## Data block
......

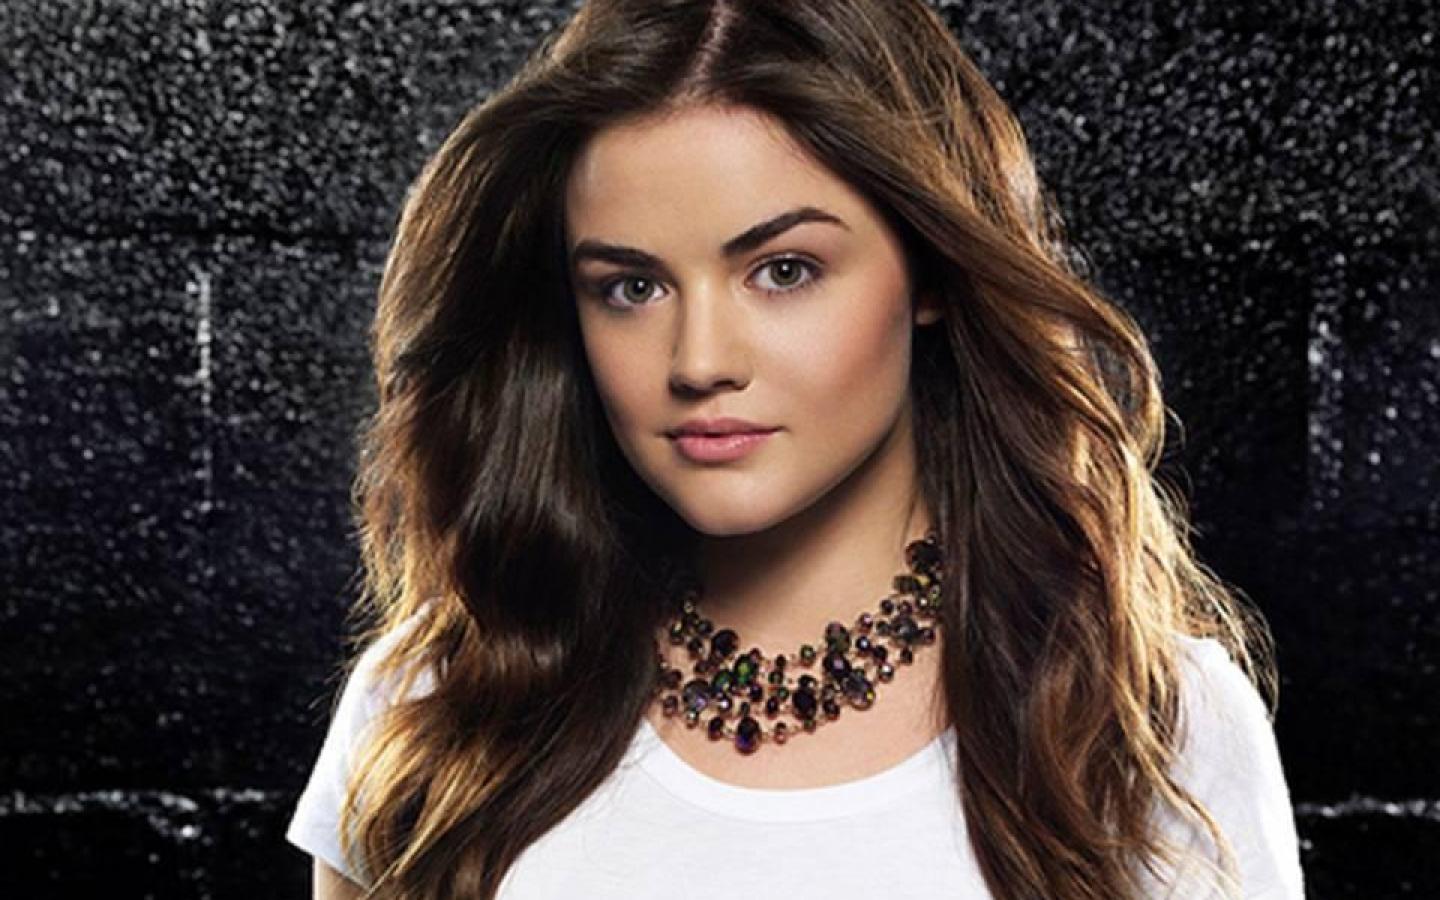 Wallpaper Tags: gorgeous lucy actress lucy hale model hale
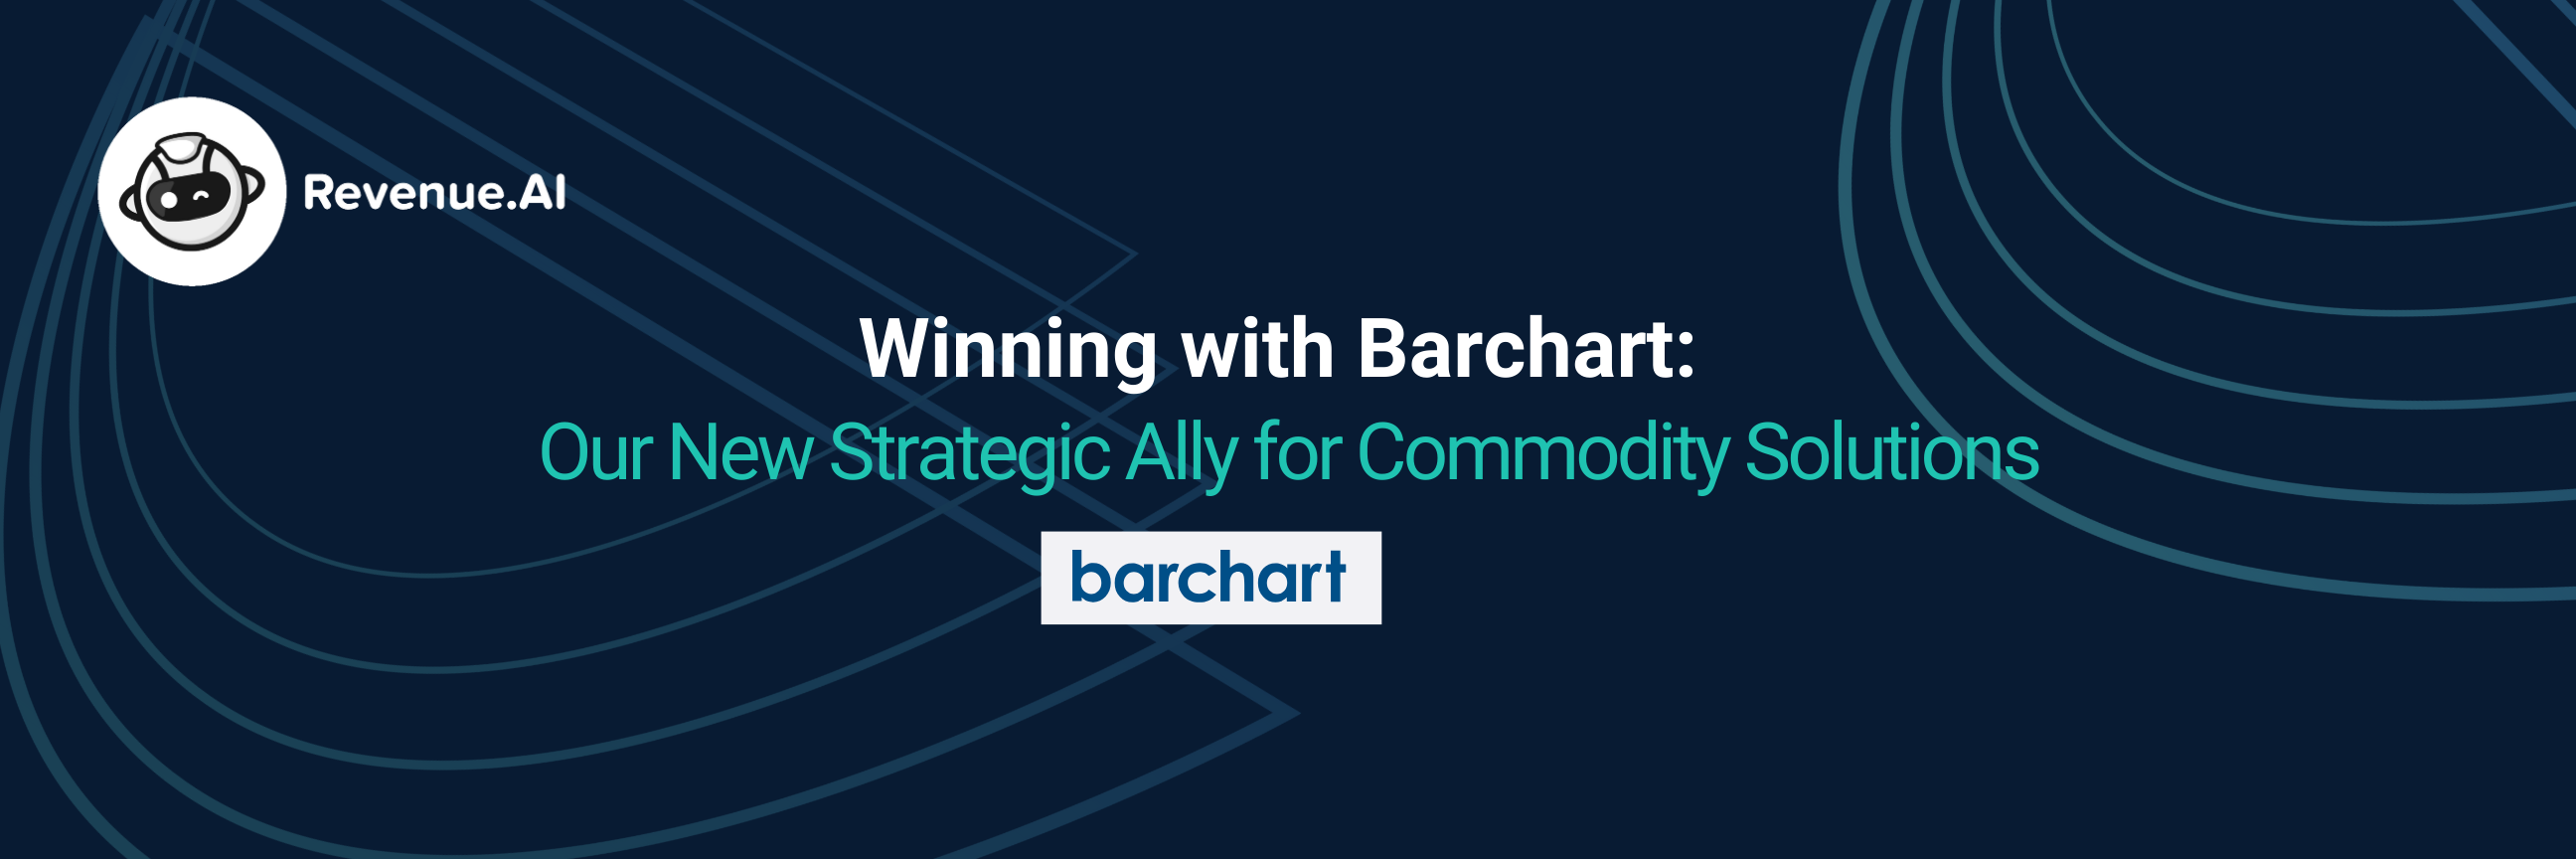 Winning with Barchart and Revenue.AI
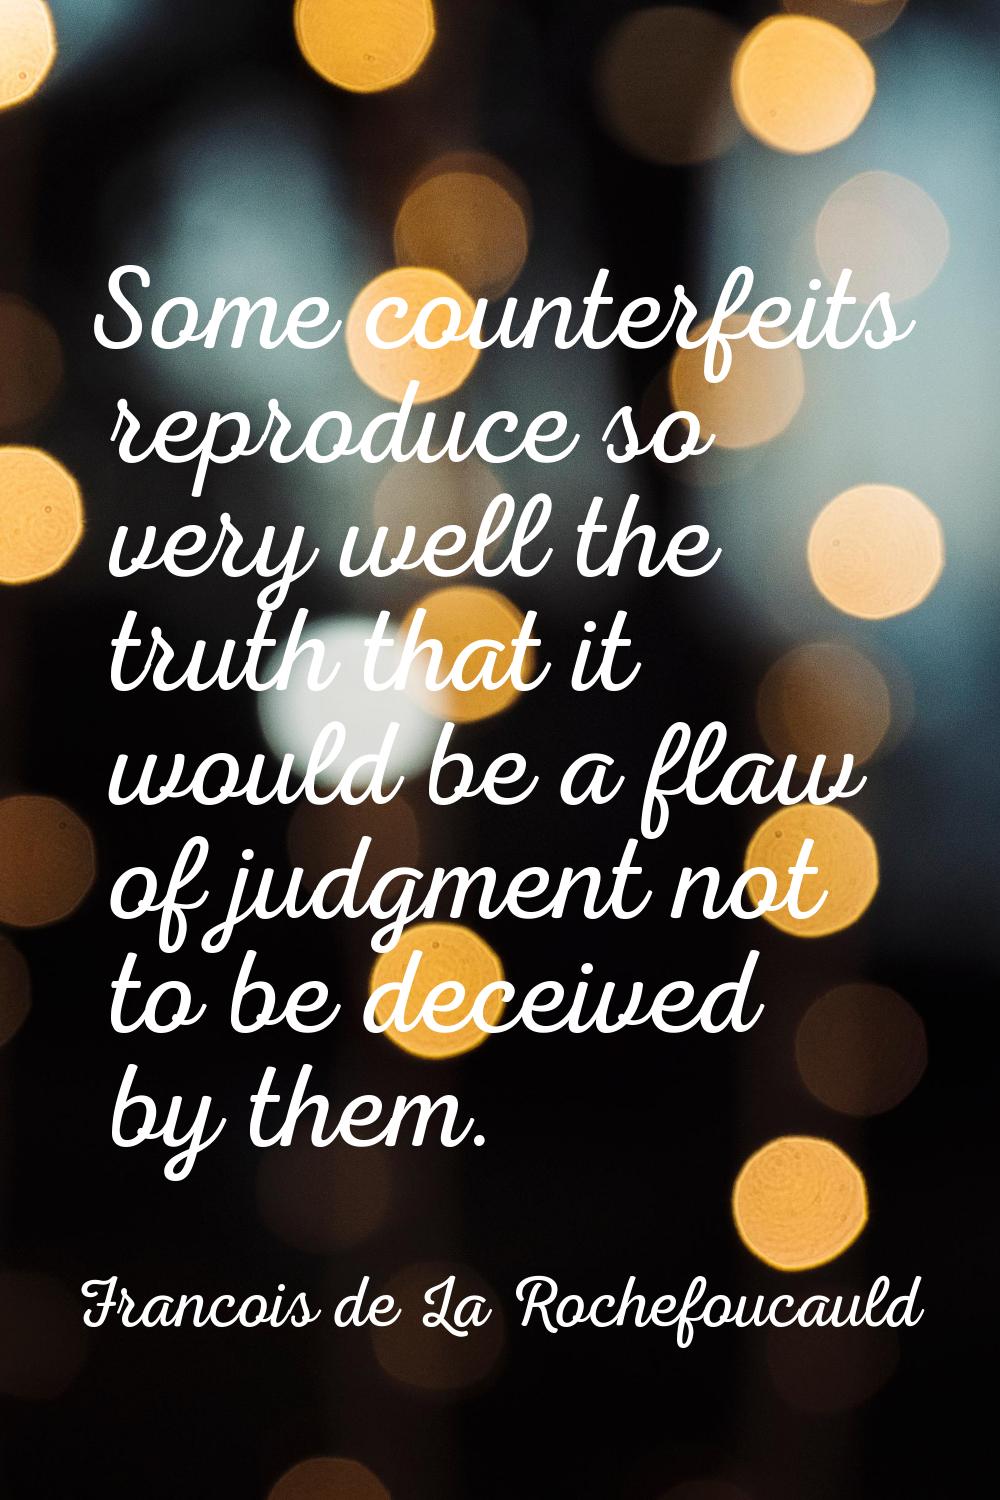 Some counterfeits reproduce so very well the truth that it would be a flaw of judgment not to be de

......

## To do
All of the material shown above needs to be duplicated exactly. Omit every picture.

## Answer space
 Wallpaper Tags: gorgeous lucy actress lucy hale model hale
 Winning with Barchart and Revenue.AI
 Some counterfeits reproduce so very well the truth that it would be a flaw of judgment not to be de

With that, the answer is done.